Ethical Culture is a bit of an odd duck. It’s a non-theistic religion, or as I like to say, “the religion for people who don’t like religion.” The movement’s founder, Felix Adler, said that it is “religious to those who are religiously-minded and to those who interpret its work religiously, and it is simply ethical to those who are not so minded.” At my congregation, the Ethical Society of St. Louis, we express this as being a “Welcoming Home for Humanists”, where we focus on “Deed Before Creed”.
But what does this mean in practice? I was asked this in an interview for the Ask an Atheist podcast in the summer of 2013, when they visited the Ethical Society of St. Louis. I answered by describing what happens at the Society on a typical Sunday morning. But there’s another aspect of our community that I didn’t mention then, but that I experienced again last week: Good Cheer.
Good Cheer is the Ethical Society of St. Louis’s annual winter festival (other Ethical Societies around the country have different names and different specifics). We have several seasonal festivals throughout the year, and we also have a Thanksgiving Festival, but Good Cheer is our biggest seasonal event. That’s probably because it is closely analogous to Christmas, the biggest holiday of the year for the majority of American culture. So, what does Good Cheer mean for us? Food, Fellowship, Fun, and Festivities
Food
We gathered together in the Assembly Hall for a great potluck dinner. Families were assigned various types of dishes based on last name, and dedicated volunteers made sure that the proper food was kept warm and that the variety was interesting as different tables were released to go through the line.
Fellowship
After our shared feast, we ascended to the auditorium for our program. Everyone received an ornament to place on the tree at the front of the room while a member of the Society played Christmas and other holiday songs on the piano. By the time the program started with the choir singing some non-religious Christmas songs like “Rockin’ Around the Christmas Tree”, probably about 200 of us had gathered together.
Fun
The children of the Society were invited to the stage to lead us in a round of the song “Oh, How Lovely is the Evening.” The children had been learning the song for the previous month, and they sang happily (well, at least some of them did – there’s always a mix of enthusiasm in a group of singing children).
After that, our Leader Kate Lovelady and Leader-in-Training James Croft led a group of members in a shortened retelling of the Story of Rudolph the Red-Nosed Reindeer, complete with song, costumes, and Global Warming-inspired updates. As James Croft said later on Facebook, “there’s something fantastically healthy about a congregation in which the leaders poke fun at themselves continually.”
We then were visited by Santa Lucia, a tradition brought to the Society by long-term members who had previously lived in Sweden. Though the tradition has some Christian roots, it is also a nice pagan or secular tradition, a way of sharing gifts and welcoming the return of the Sun. We continued this by sharing the returning light candle-by-candle through the gathering.
Festivities
Finally, Santa arrived! We had gathered the names and ages of all the children in attendance when everyone signed in, and volunteers from the Society bought age-appropriate gifts for all of them. Santa welcomed all the children to the front and gave a gift to each.
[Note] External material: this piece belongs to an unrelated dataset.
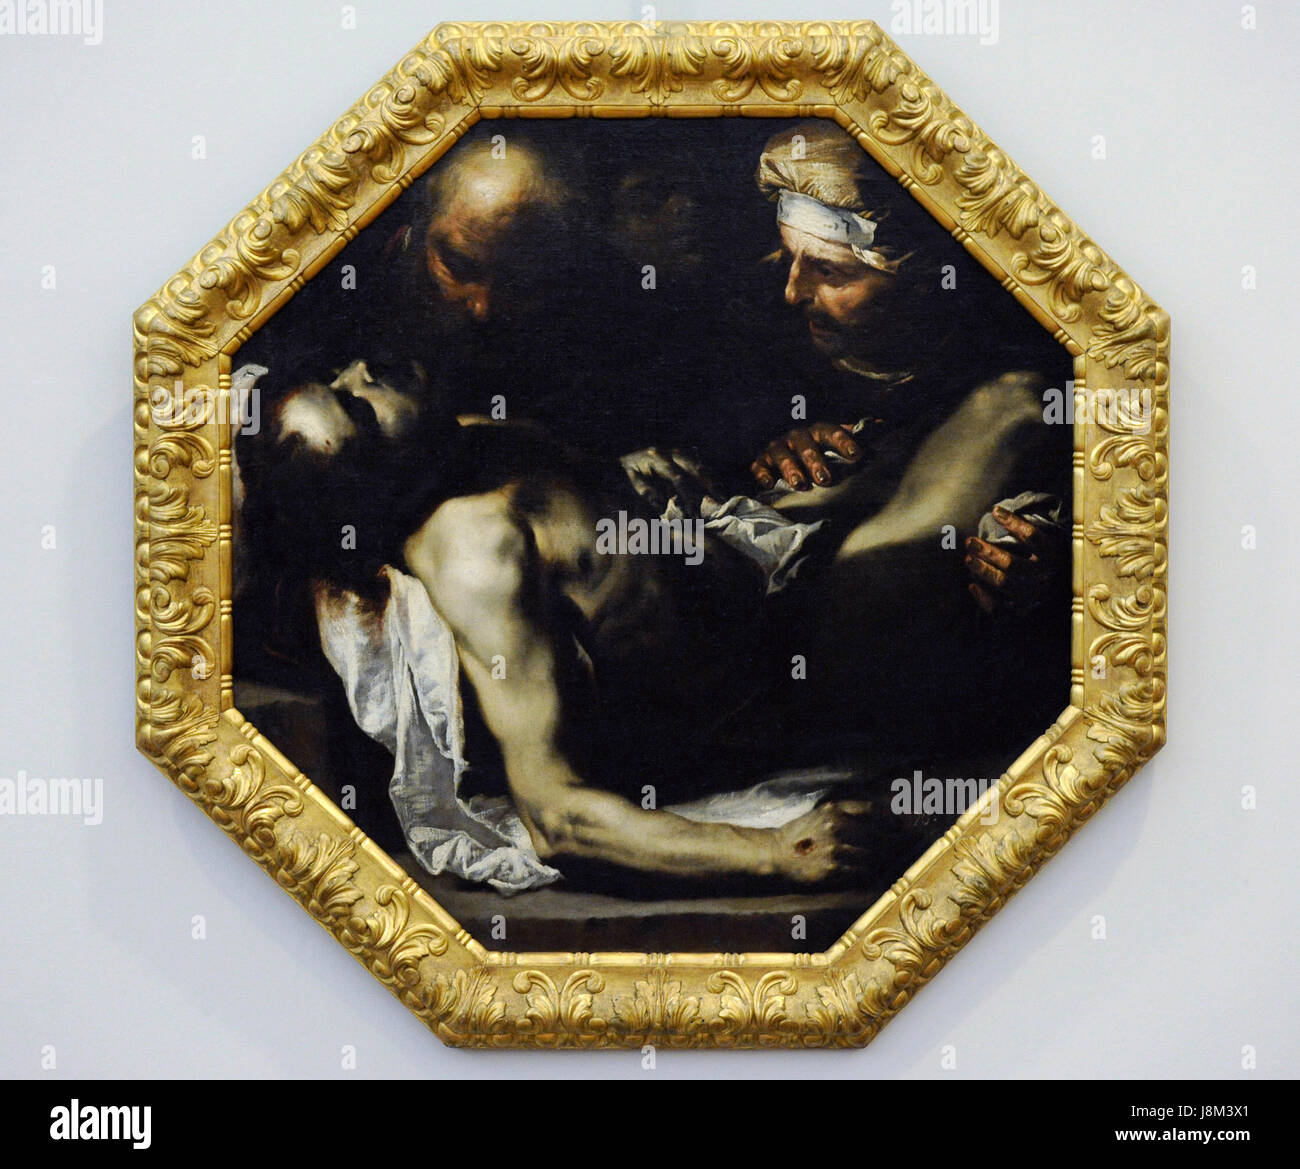 Luca Giordano (1634-1705). Italienischer Maler. Christus abgesetzt, 1663. Öl auf Leinwand. Nationales Museum von Capodimonte. Neapel. Italien. Stockfoto

Meanwhile, most of the adults moved to the building’s foyer, where we shared cookies and other desserts while singing along with more Christmas and winter carols around a piano.
All-in-all, my family thinks this is a great evening. We have lovely food with friends, we get to laugh and sing, and we share in many of the traditions and rituals of the season without tying it to the dominant religious interpretation of the winter festivals. It’s not a Christmas party, exactly, though it shares enough of the secular associations that our society has with the December holidays to be familiar. J is comfortable there, and, of course, we also usually go to a Christmas Eve service to fill her specific Christian expectations.
While we love the event, there are some who don’t like parts of it. Some find the inclusion of Santa Lucia to be odd, but it came from a specific family’s experience in another culture’s tradition, and it has been part of ours now for years. Some may find anything that smacks of Christmas to be too Christian, but the aspects we include – Rudolph, Santa, Christmas trees, presents, etc. – have historical antecedents independent of Christianity.
And that’s what I find to be the strength of being part of this Humanist community. We recognize the benefits of being together and supporting each other. We build our community through fun and ritual. We embrace the secular parts of American traditions without needing to incorporate the theistic aspects as well. We can have Santa and Rudolph and song and food without the theological complications.
It’s a lovely evening. Thanks to all the volunteers at the Society who make it such a fun family event every year.